The forest inventory should therefore:
1. determine whether the selected forest area could actually supply on a sustained-yield basis a minimum of 330,000 cubic meters per year, and the exact allowable cut so as to determine the definitive capacity of the proposed sawmill;2. reveal the characteristics (species, average log length and diameter) of the log supplies which would be available for the various mills so as to plan their equipment accordingly, and permit estimates of the investment requirements;
3. permit the preparation of forest maps and the management plan, including prescriptions for cutting and extraction;
4. result in a clear cadastral or land ownership map and estimates of the allowable cut for each forest holding held by an individual owner, of which there were over 3,000.
It was necessary to verify rapidly that the allowable cut of the forest was at least equal to the 330,000 cubic meters required by the contemplated project. A preliminary cruise was accordingly carried out in November and December 1953.
A start was made by assembling all the available material on the forests in this area: studies, sketches, maps, triangulation points, old aerial photographs, etc. Then reconnaissance surveys were made by all available means, on foot, on horseback, by light motor lorry and by aircraft.

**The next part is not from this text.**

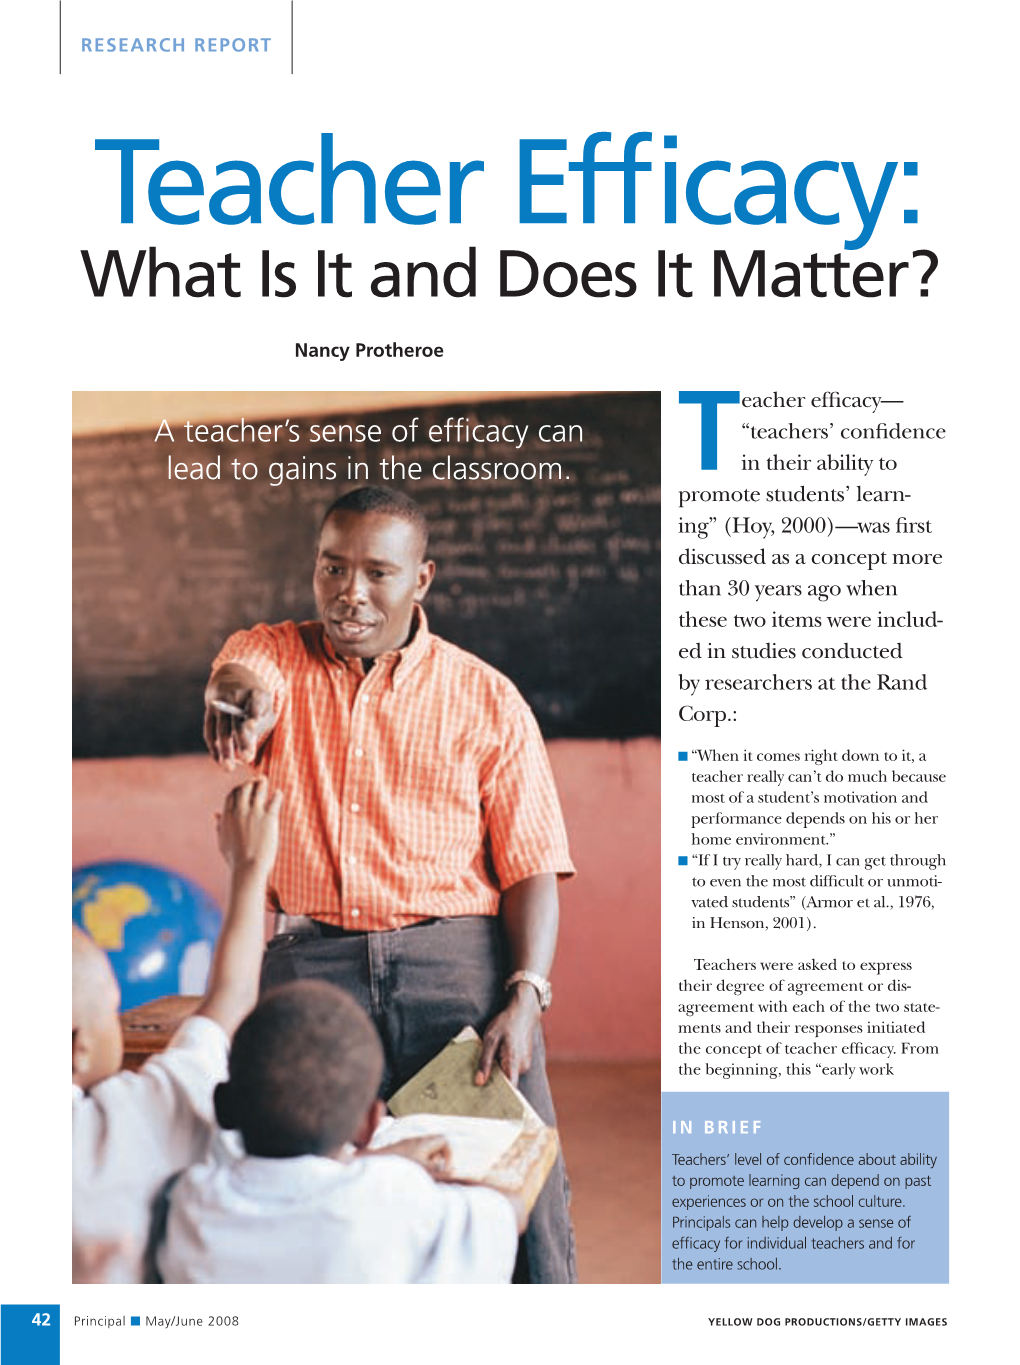 Teacher Efficacy: What Is It and Does It Matter?

The whole exercise showed that there were at least 100,000 hectares of good exploitable forest, with a minimum annual yield of about 450,000 cubic meters. There was, therefore, a safety margin of 120,000 cubic meters over the required minimum annual cut, which was considered sufficient to justify the whole project as practicable, after taking into account the domestic needs of the local people.
Other results of the survey were:
1. The already existing triangulation points were marked and, taking them as the bases for further triangulation, it was possible to decide which were the other points to be determined and to plan this supplementary triangulation.2. A firm contract was drawn up with a commercial firm to carry out the aerial survey work, detailing the area to be covered, scale and type of photographs, and flying height.
3. The principal routes that could subsequently be used for carrying out the triangulation and forest sampling were ascertained and a sketch map of the forest areas was made. A rough estimate could be made of the extraction and delivery costs of the raw materials to be supplied to the selected mill site.
4. It was possible to determine fairly accurately the nature of the raw material supply in terms of species, diameter and length of logs or billets. Samples of the various species and diameter-classes were taken and tested as to which methods should be used for the production of newsprint.
5. The requirements in staff for a detailed inventory were ascertained (engineers, draftsmen, chiefs of sampling teams, workmen, drivers).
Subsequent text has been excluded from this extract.